# Source records
-------------------------
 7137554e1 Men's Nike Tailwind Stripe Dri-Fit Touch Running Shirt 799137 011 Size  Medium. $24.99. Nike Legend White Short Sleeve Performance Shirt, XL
-------------------------
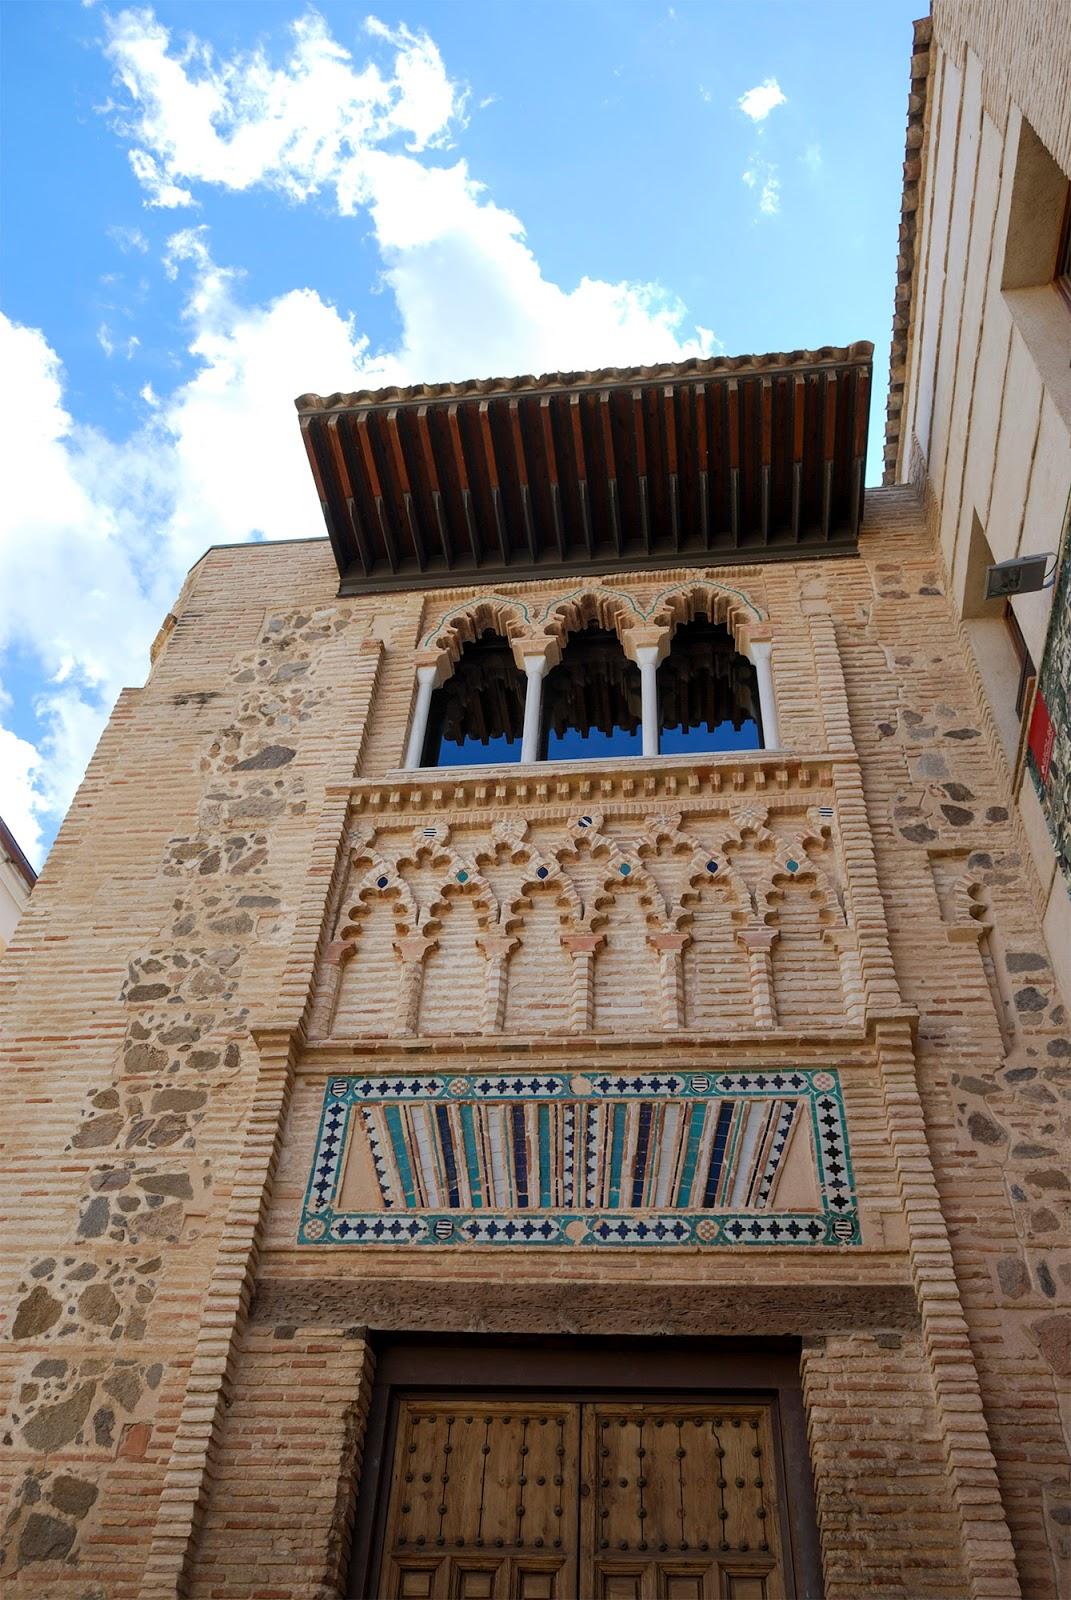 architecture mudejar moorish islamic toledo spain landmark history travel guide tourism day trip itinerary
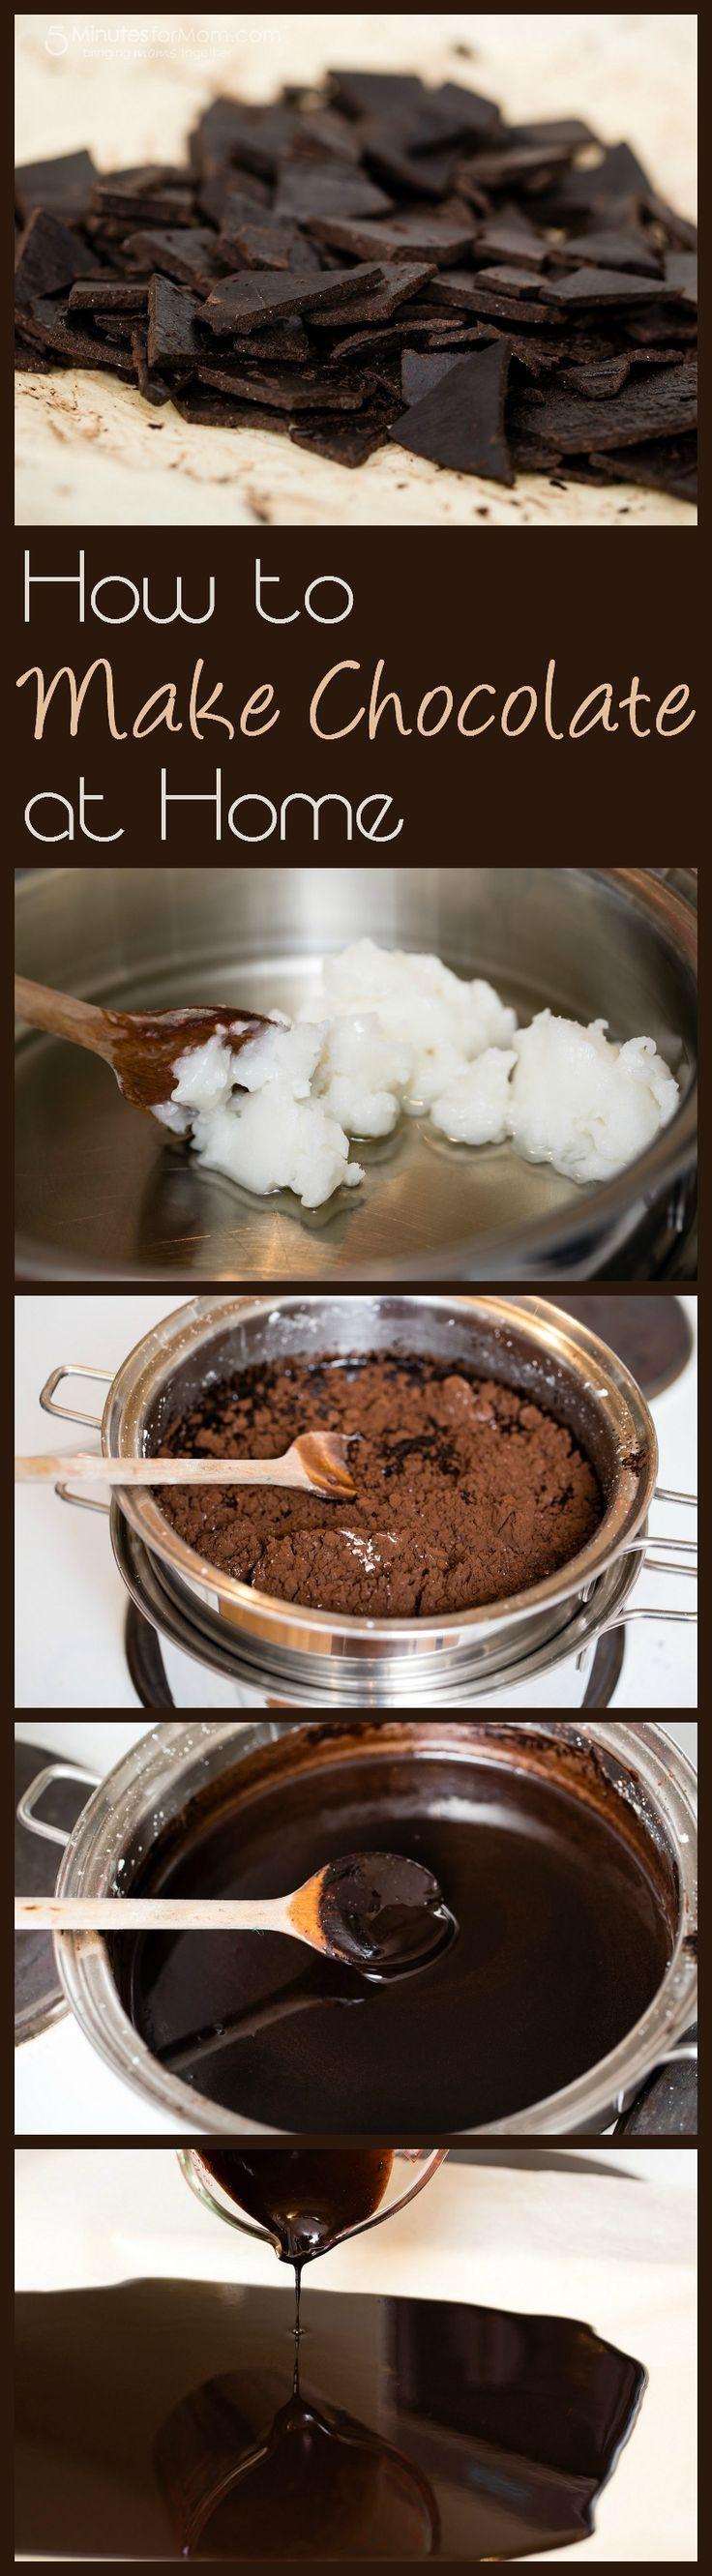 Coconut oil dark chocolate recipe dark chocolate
-------------------------
# Task to carry out
Keep to the stretch from the line containing "architecture mudejar moorish" through the line containing "Coconut oil dark", both ends included, and copy it exactly from the listing above, minus the pictures.

# Response area
 architecture mudejar moorish islamic toledo spain landmark history travel guide tourism day trip itinerary
 Coconut oil dark chocolate recipe dark chocolate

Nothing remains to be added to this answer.